NEW YORK (CBSNewYork) — Federal health officials have confirmed a second case of the potentially deadly MERS virus in the United States.

The virus has already killed a third of the 538 people worldwide confirmed to have MERS, mostly in Saudi Arabia.

As CBS 2’s Dr. Max Gomez reported Tuesday, MERS stands for Middle East Respiratory Virus — an illness that begins with a flu-like fever and cough, but can lead to pneumonia and death.

The questions now for U.S. health officials are how contagious is MERS and what precautions should Americans be taking?

Officials said the second confirmed case is located at a hospital in Orlando, Fla. The first was reported earlier this month in Indiana, involving a man who arrived from Saudi Arabia.

That patient has since recovered and was released from the hospital.

According to Dr. Gomez, the new patient is said to be a Saudi Arabian health care worker.

On May 1, the patient took four flights from Saudi Arabia to Orlando to visit relatives. During his trip, the patient developed a fever, chills, and a slight cough. Test results were positive for MERS.

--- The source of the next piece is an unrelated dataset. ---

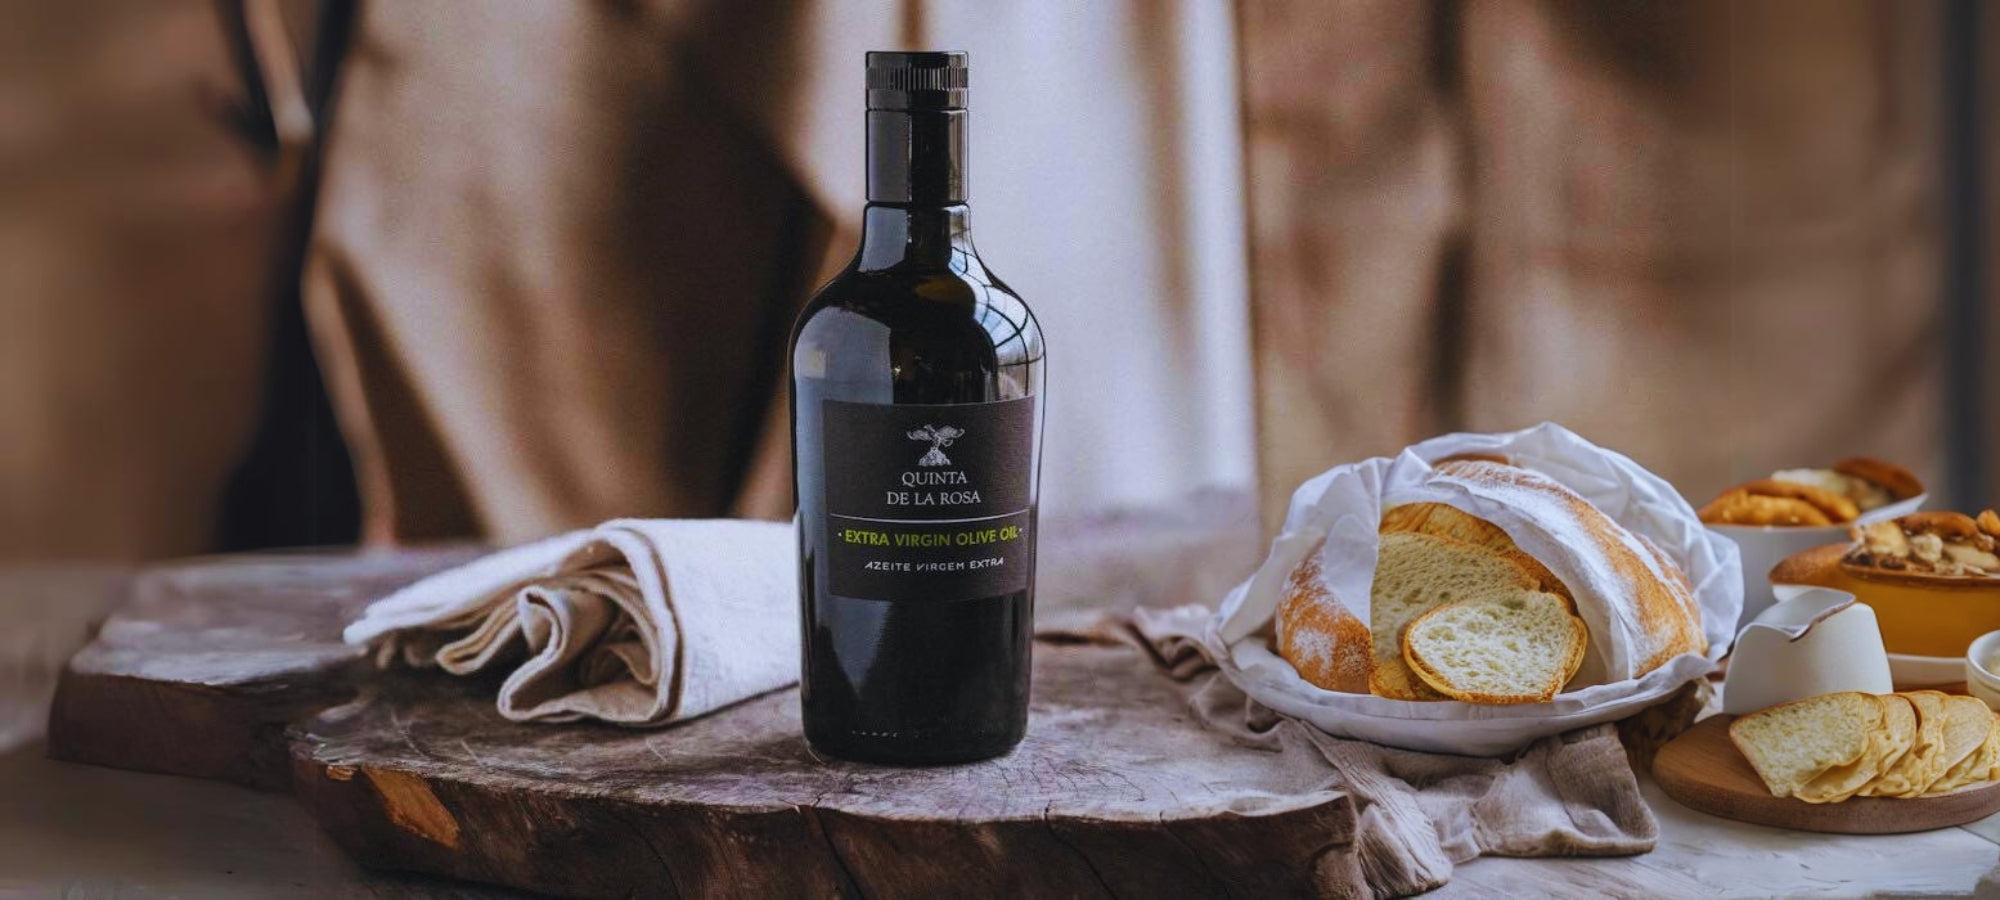 Olivenöl von Quinta de la Rosa, daneben ein Brotkorb auf einer Holzscheibe.
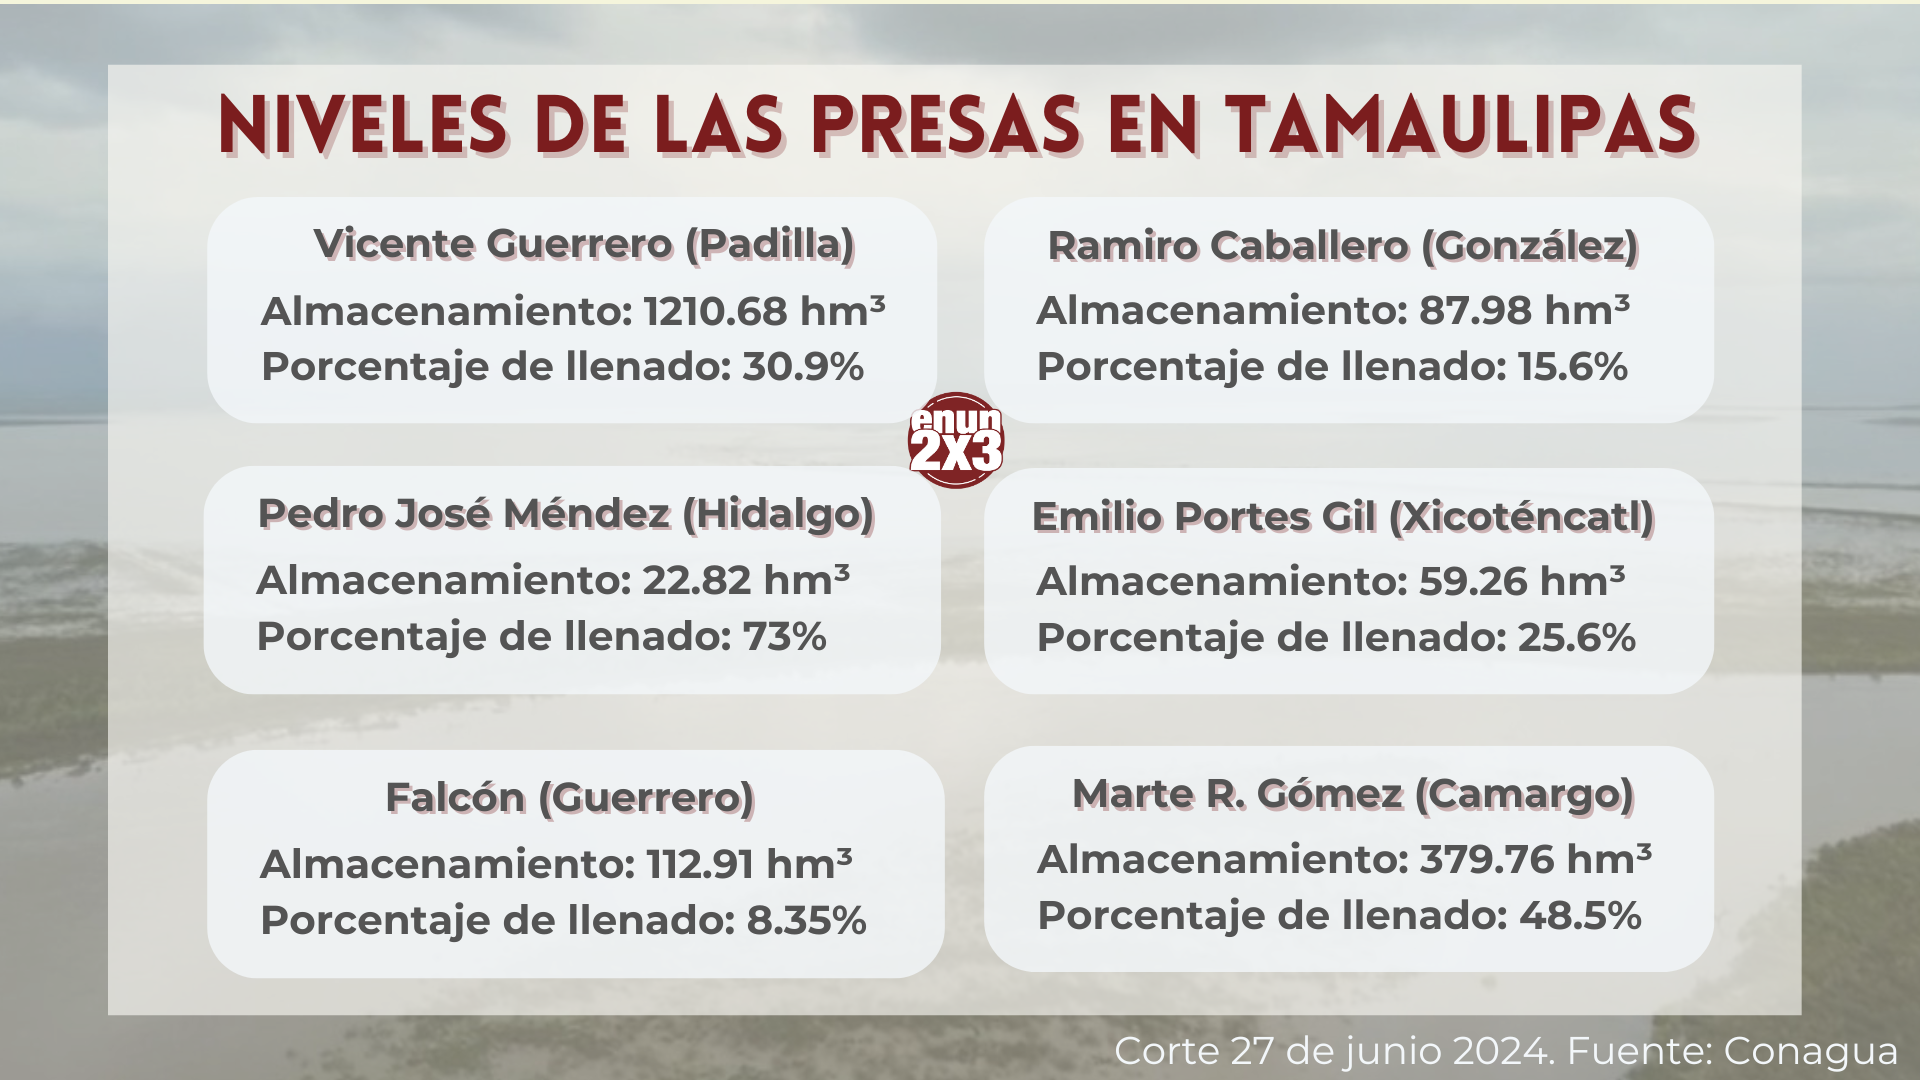 Niveles de las presas en Tamaulipas. Fuente: Conagua.

Two health care workers in Orlando who came in contact with the MERS patient have developed flu-like symptoms, Gomez reported.

“One is being evaluated at home and the other is in hospital. Others are also being monitored. There is a 14-day quarantine period and they can return to work if disease and symptom free,” said Dr. Ken Michaels, of Orlando Health.

Even so, health officials stress that MERS does not appear to be highly contagious and that it requires close, perhaps prolonged, contact with an infected person to catch the virus.

So far no one who flew with either of the patients is known to have taken ill with MERS.

Additionally, officials at the Centers for Disease Control and Prevention said they know how to stop the spread of the virus through better hospital infection control.

“That’s been done in Indiana, it’s being done in Florida, and we’re working in the Middle East to help countries there improve infection control,” CDC Director Dr. Tom Frieden said.

The patient in Orlando is said to be doing well, and may be released soon, Gomez reported.

Doctors, however, say the wouldn’t be surprised if more cases surface in the U.S.

The CDC said these types of emerging illnesses are likely to continue to happen as viruses and bacteria mutate, become drug resistant, and more infectious to humans.

The list of worrisome diseases ranges from other respiratory viruses like SARS and Bird Flu as well as resurgent Tuberculosis to scary germs like Anthrax and Ebola.